One memory, and ultimately a constant reminder, comes from my boy Isaac (our 3 year old). My 39″ tall 3 year old rode on EVERY ride he was able to. Let me explain why this is a big deal. I have vivid memories of my childhood going to amusement parks with my dad, and him begging me to ride the rides. I would cry (and he would laugh…in a loving way).  I was probably 13 years old. (Please, no comments).

Back to Isaac. He is THREE! And he rode EVERYTHING he was allowed to.

Ride after ride, he would stay close to me in line. He would stay quiet. Then, right as we were to get on the ride, he would lean up toward me and say “Dad, I have to go potty.”  I’m no fool. I would tell him we would go immediately after the ride. You see, I knew he was making an excuse. He was afraid. He wouldn’t come out and say that, but he was uncertain. He didn’t know what was about to happen. For all he knew, literal pirates with real swords, shooting real cannons would be commandeering our little ship. By all accounts, he knew he was about to be in a hopeless situation.

But he went anyway.

He sat by me on every ride. He didn’t say a word. He’d put one hand in his mouth (nervous habit) and put his other hand on my leg.  When moments were tense, he squeezed. He never changing his gaze. He never showed the fear on his face that was expressed in his hands.

Amazingly after every ride, Isaac would look at me and smile. “Dad, that was my NEW FAVORITE ride!” I think he did it more in relief that he was still alive after it was over. On the last day there, I was so impressed with his courage that I finally asked Isaac why he still insisted on going on the rides even if he was so afraid. Why would he not admit his fear and stay back?

He looked up, full of hope and knocked me back with these words: “Cause you’re with me dad.” When things were uncertain and hopeless, he trusted me.

I was just reminded what childlike faith looks like.

God does some of His best work in hopeless situations. While life is uncertain, Jesus is not. While our power is limited, God is limitless. While we can be shaken, He is the rock. 

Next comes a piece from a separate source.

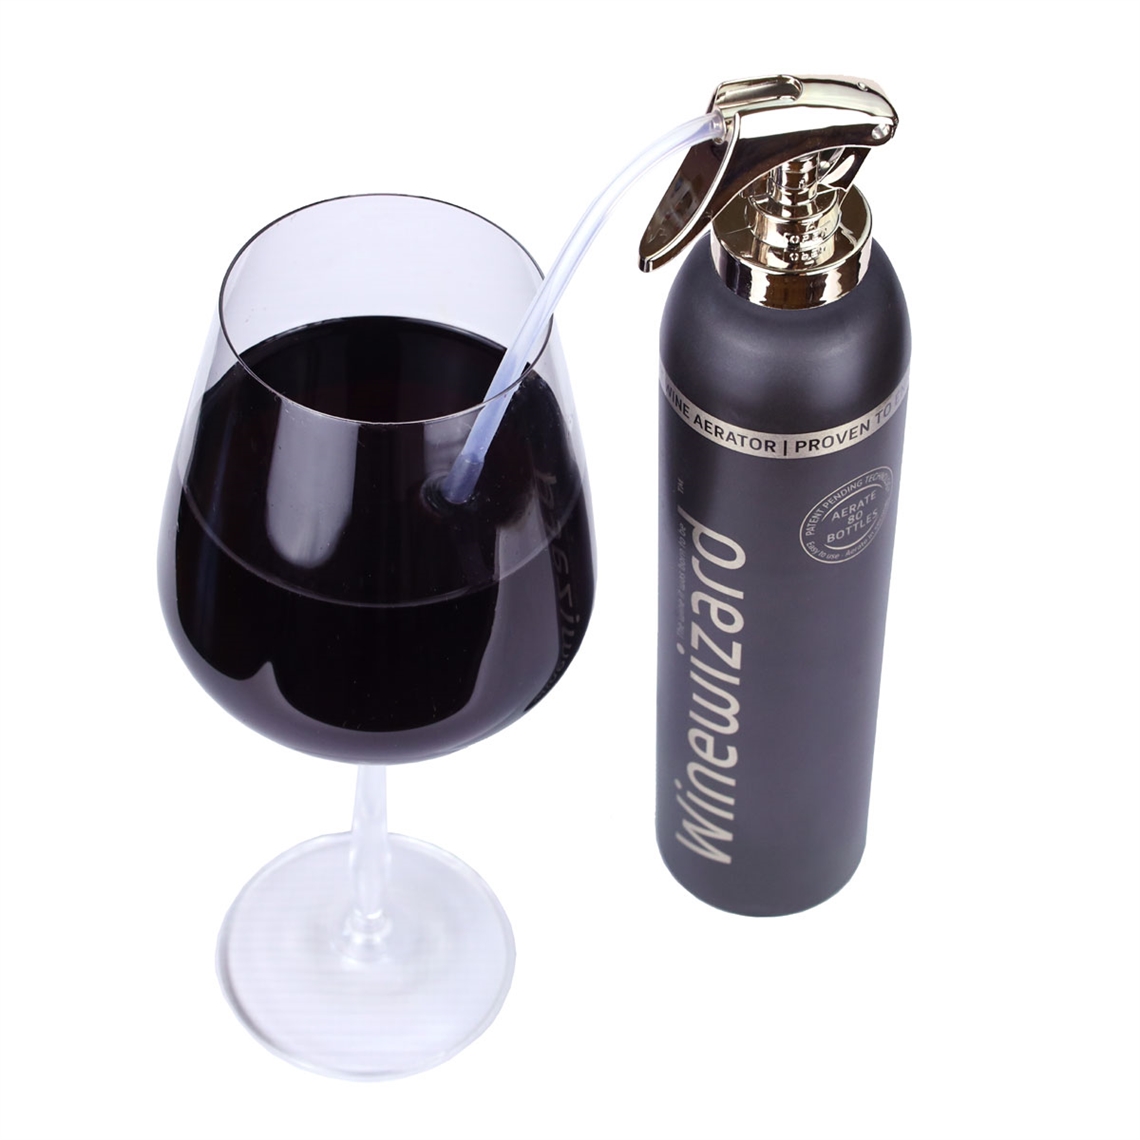 Winewizard - Smart 3-in-1 Wine Aerator - Refill
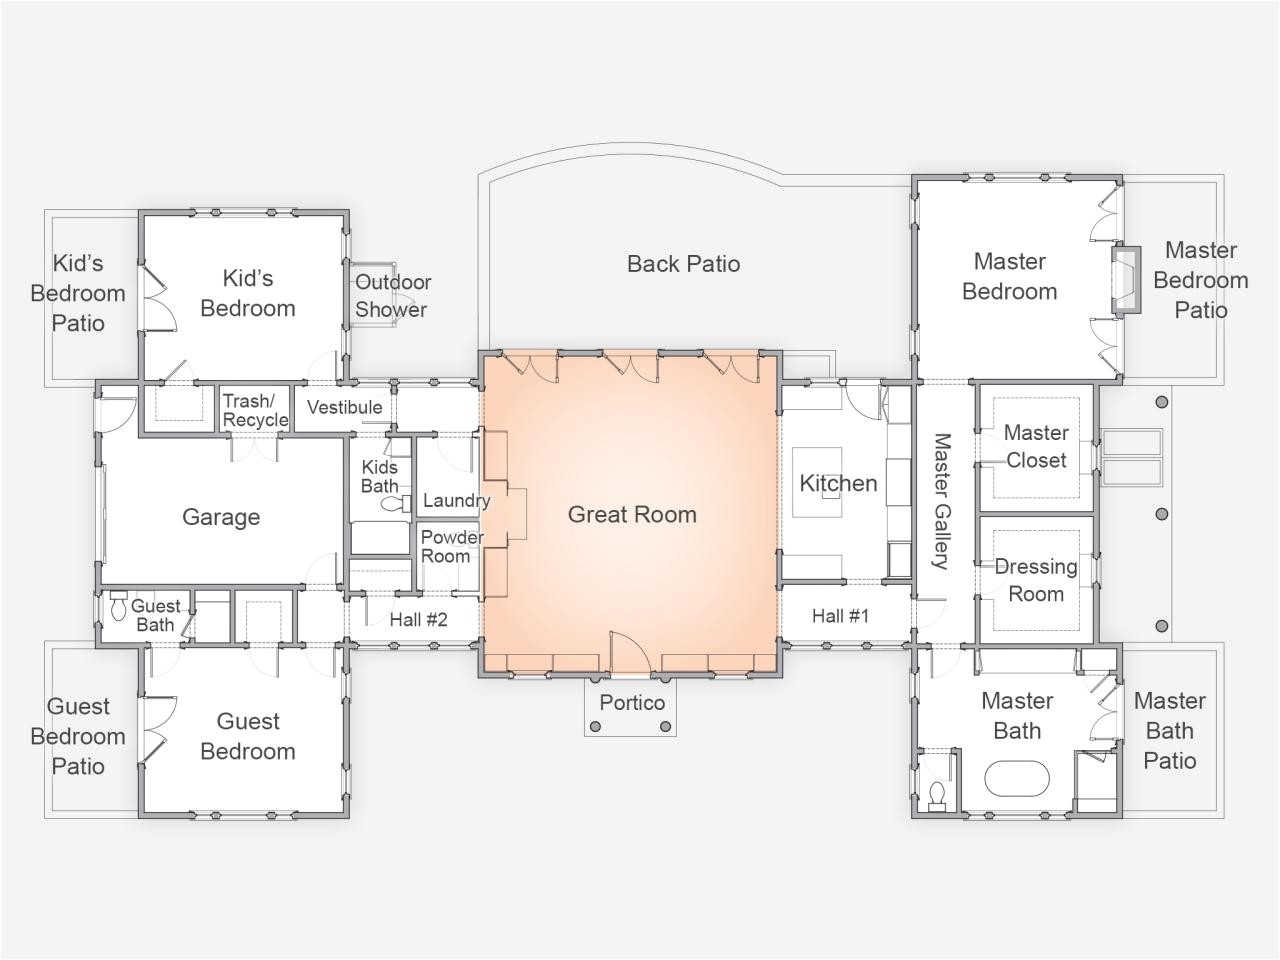 Hgtv Dream Home14 Floor Plan Buy 2015 Hgtv Sweepstaken Home Design Plans Autos Post

When Jesus is the Cornerstone, our response is worship.

For me, worship is not a job or a hobby, it’s not what I do for fun when I could be sleeping in on a Sunday morning. I don’t sing because I like to, I sing because I am compelled to. I am compelled because I am filled with possibility and hope and blessed assurance that this life is not all there is.  And everything I have in this life is His. I have passion for what Christ has done on the cross, and for how he saved me, profoundly and personally.  It isn’t something I do on my off-time; I live to worship – in my mornings, throughout my days, as I go to bed.

Maybe there are moments where I have to tighten the grip of my hands to admit my fear, but my gaze remains constant. My resolve is true. My eyes are constantly fixed on Jesus and I will worship. What about you?

A Firm Foundation

As a dad to two young sons, building blocks are a big deal in our house, undoubtedly occupying the position of favored toy.  Over the past year, we’ve amassed quite an impressive collection of blocks, of various shapes and sizes- the large, seemingly indestructible cardboard builders; the awesomely, appropriately named plastic Mega Blocks; and most recently, the so-small-and-hard-they-double-as-weapons wooden variety.  On most days, all of these varieties are scattered across our boys’ bedroom floor (and usually other floors too!), actively in use.

Without a doubt, almost three year old Jude’s joy in blocks is found in his ability to build the tallest, strongest “castles” he can muster.  (For his part, just turned one year old Asa’s expertise is knocking said towers down repeatedly and relentlessly.  We’ll get there with him…maybe.)  As Jude has grown in this skill, I’ve offered him one piece of essential advice time and again- If you want your “castle” to go high, you have to build on a firm foundation.  A wide, solid base is the single most critical aspect of any successful block building effort.  Of course, the same is true in actual building as well- apart from a firm, sturdy foundation, any hope of structural integrity is absolutely shot.

Life works in much the same way, doesn’t it?  We’re all building our lives on something, and that something determines the strength of our lives.  If we choose to build on something that can’t effectively and appropriately bear that weight, especially amidst the inevitable storms of life, then we’ll quickly find everything we are and everything we have crumbling.  But if, on the other hand, we found our lives on the only firm foundation we have available to us- the Solid Rock, the Cornerstone, Jesus Christ- we will eventually, ultimately find everything in our lives being impacted by that single choice.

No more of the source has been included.